Each run of an integrated assessment models produces a single mitigation pathway consistent with stated objectives (e.g. maximum temperature) and optimizing some objective function (e.g. minimizing total discounted costs of mitigation). Even though models can be run thousands of times, it is unclear how built-in assumptions constrain the final set of pathways. Here we aim at broadly exploring the space of possible mitigation scenarios for a given mitigation target, and at characterizing the sets of pathways that are (near-)optimal, taking uncertainties into account. We produce an extensive set of CO2 emission pathways that stay below 2 °C of warming using a reduced-form climate-carbon model with a 1000 different physical states.

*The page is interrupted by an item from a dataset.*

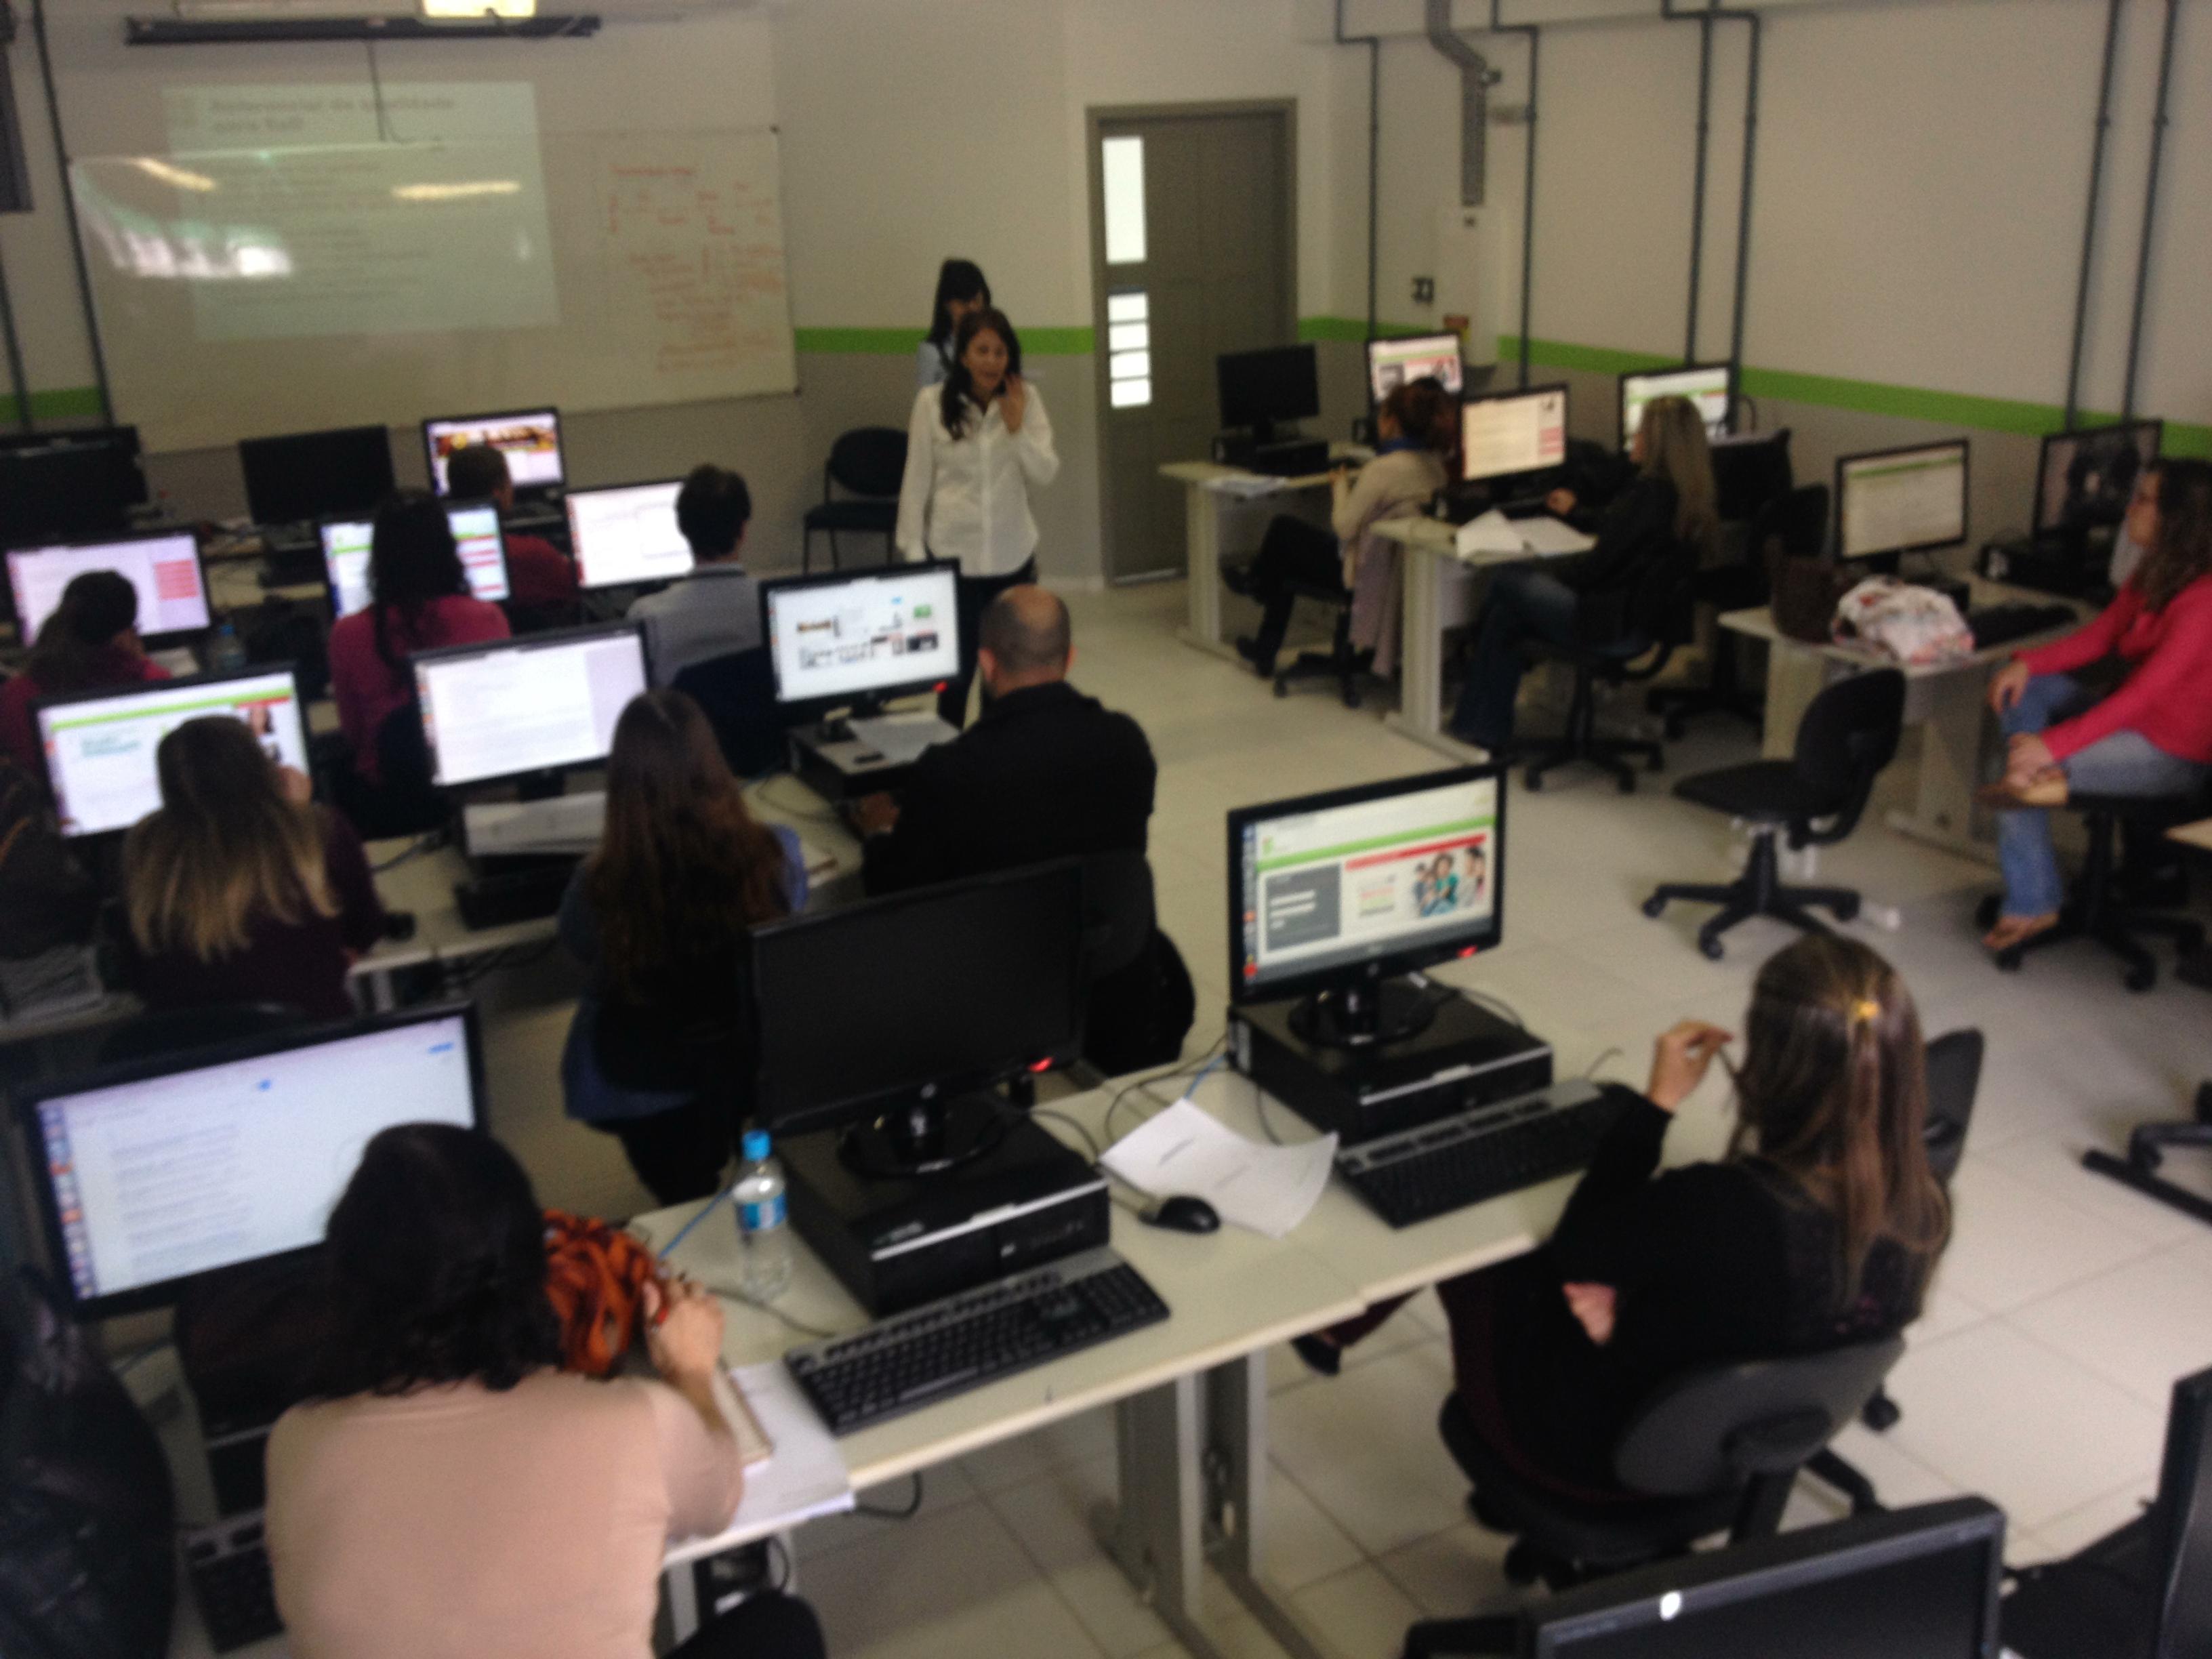 #4C6120 Servidores participam de curso de Formação Continuada em Educação  3264x2448 píxeis em Curso Design Ead

We then identify 18 sets of quasi 'least-cost' mitigation pathways, under six assumptions about cost functions and three different cost minimization functions embarking different visions of intergenerational cost distribution. A first key outcome is that the absence or presence of inertia in the cost function plays a pivotal role in the resulting set of least-cost pathways. Second, despite inherent structural differences, we find common pathways across the 18 combinations in 96% of the physical states studied. Interpreting these common pathways as robust economically and in terms of intergenerational distribution, we shed light on some of their characteristics, even though these robust pathways differ for each physical state.

Item Type: Article
Research Programs: Advancing Systems Analysis (ASA)
Advancing Systems Analysis (ASA) > Exploratory Modeling of Human-natural Systems (EM)
Energy, Climate, and Environment (ECE)
Energy, Climate, and Environment (ECE) > Integrated Assessment and Climate Change (IACC)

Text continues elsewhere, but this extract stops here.